Walrus set for Face-off Next Month in Vecna Robot Sprint Challenge

A large four-legged robot 'Walrus', especially designed for search and rescue, is set for face-off next month with more than a dozen other participants in the debut Vecna Robot Sprint Challenge outside Boston.

Also, the robots designed by student team at the Worcester Polytechnic Institute will be racing a lineup listing from commercial available machines to remote control cars jerry-rigged by teenage hobbyists.

This 100-metre out-and-back course of the challenge has no aim of attracting competitors on par with the US Defense Department-funded Defense Advanced Research Projects Agency Robotics Challenge where the world's top minds show off their creations.

But the competition, which is sponsored by robotics company Vecna Technologies, is part of a growing breed of lower-key robot races becoming popular across the United States.

Experts also support such races as they believe that they can play a powerful role in attracting young students into the fields of science, technology, engineering and mathematics.

Massachusetts Institute of Technology associate professor Russ Tedrake said that it is a fantastic trend and races like Vecna's seems to be attracting people into the field.

According to experts, such competitions also help to bring forward new ideas that can grow into practical inventions.

In addition, Worcester campus, 22-year-old senior Brendan McLeod and four classmates have been working on their entry robot nicknamed as 'Walrus', or Water and Land Remote Unmanned Search.

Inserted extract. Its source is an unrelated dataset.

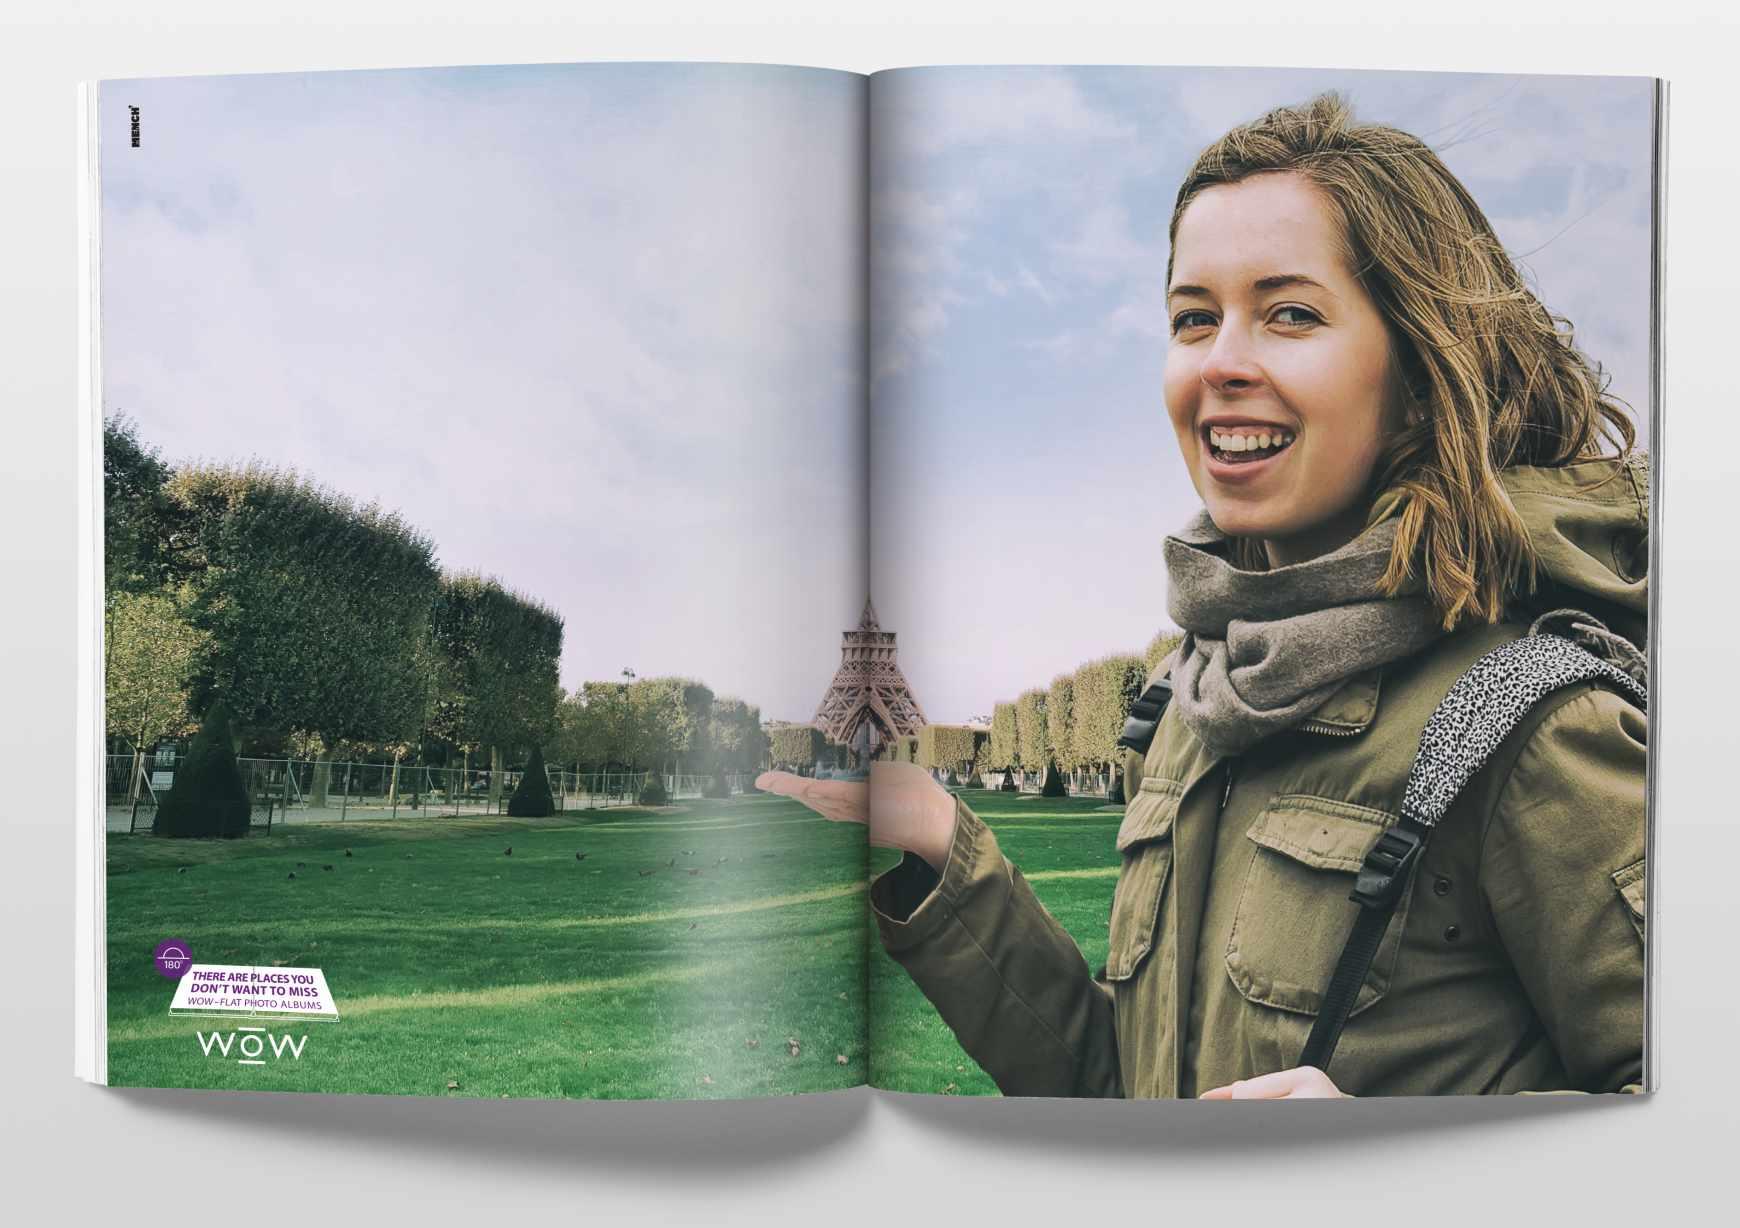 WOW Print Ad - Flat Photo Album

McLeod said that their project was not designed for speed. Their 80-pound device features four tracked flipper-like appendages that allow it to swim, climb stairs or muster a brisk walking pace on flat ground.

McLeod said, "We think we can expect to do (the 100-metre race) in about a minute and a half". Debbie Theobald, the company's chief executive said that the tank-like Walrus was designed as a senior project well before Cambridge, Massachusetts-based Vecna Technologies decided to host the event.